*** Task data ***

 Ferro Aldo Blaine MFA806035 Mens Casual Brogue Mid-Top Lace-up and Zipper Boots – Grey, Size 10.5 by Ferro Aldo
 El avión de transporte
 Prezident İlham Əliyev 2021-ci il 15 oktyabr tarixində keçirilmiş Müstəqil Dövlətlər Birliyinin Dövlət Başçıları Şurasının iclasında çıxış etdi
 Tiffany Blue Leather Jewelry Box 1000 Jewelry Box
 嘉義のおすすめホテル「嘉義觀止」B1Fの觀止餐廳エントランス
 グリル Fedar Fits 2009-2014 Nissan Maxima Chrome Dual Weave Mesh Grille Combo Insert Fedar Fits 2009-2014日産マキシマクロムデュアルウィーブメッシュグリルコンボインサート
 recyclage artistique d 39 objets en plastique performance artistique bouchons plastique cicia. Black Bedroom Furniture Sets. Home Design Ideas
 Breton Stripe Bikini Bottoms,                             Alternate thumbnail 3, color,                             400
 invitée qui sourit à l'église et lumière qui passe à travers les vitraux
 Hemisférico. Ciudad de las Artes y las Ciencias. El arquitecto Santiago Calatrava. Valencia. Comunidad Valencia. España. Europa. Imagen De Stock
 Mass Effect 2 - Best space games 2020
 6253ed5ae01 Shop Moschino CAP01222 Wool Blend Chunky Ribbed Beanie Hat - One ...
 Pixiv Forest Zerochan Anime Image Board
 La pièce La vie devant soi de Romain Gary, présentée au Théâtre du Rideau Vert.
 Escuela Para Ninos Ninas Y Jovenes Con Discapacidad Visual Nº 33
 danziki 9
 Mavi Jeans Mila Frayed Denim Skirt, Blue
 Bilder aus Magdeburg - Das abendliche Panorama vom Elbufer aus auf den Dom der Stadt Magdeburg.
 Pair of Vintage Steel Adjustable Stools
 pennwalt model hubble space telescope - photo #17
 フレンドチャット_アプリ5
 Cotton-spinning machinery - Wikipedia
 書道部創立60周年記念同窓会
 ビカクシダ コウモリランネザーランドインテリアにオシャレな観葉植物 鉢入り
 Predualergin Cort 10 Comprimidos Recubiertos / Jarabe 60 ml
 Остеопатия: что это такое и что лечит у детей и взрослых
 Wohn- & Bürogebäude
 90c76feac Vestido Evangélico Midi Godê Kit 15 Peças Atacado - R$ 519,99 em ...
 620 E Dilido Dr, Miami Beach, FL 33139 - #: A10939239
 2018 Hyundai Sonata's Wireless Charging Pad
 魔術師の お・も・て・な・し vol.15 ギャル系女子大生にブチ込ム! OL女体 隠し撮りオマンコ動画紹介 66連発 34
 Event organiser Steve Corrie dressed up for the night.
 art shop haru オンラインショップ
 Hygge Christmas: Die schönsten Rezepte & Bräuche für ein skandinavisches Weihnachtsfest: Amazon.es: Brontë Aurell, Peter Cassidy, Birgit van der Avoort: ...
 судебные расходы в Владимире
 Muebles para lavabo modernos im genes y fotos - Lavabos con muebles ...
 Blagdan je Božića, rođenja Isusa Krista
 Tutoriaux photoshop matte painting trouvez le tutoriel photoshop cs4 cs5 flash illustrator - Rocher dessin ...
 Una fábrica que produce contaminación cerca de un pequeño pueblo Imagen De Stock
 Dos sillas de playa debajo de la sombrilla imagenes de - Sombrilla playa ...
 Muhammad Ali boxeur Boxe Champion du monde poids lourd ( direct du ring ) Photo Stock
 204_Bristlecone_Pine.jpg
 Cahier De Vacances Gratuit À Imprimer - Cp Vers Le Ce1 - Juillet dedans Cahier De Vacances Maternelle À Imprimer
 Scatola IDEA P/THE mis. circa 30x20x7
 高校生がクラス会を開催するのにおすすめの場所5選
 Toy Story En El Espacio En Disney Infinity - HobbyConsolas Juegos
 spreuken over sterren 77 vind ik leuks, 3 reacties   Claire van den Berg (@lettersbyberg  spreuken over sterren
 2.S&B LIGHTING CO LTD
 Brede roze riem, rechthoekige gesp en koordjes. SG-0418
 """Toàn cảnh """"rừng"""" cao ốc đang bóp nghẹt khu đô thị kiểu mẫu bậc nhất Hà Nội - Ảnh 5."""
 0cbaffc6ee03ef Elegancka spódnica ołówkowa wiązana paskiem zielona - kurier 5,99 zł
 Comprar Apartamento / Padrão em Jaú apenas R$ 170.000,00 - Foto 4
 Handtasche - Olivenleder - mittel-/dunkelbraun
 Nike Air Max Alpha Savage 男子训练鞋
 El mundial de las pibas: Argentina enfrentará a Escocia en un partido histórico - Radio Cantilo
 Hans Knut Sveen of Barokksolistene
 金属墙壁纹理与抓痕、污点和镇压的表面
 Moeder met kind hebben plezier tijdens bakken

*** End of Task data ***

• _Your instructions_
What lines in the data above contain the word "Blue"? Show them all.

• _Solution to the exercise_
 Tiffany Blue Leather Jewelry Box 1000 Jewelry Box
 Mavi Jeans Mila Frayed Denim Skirt, Blue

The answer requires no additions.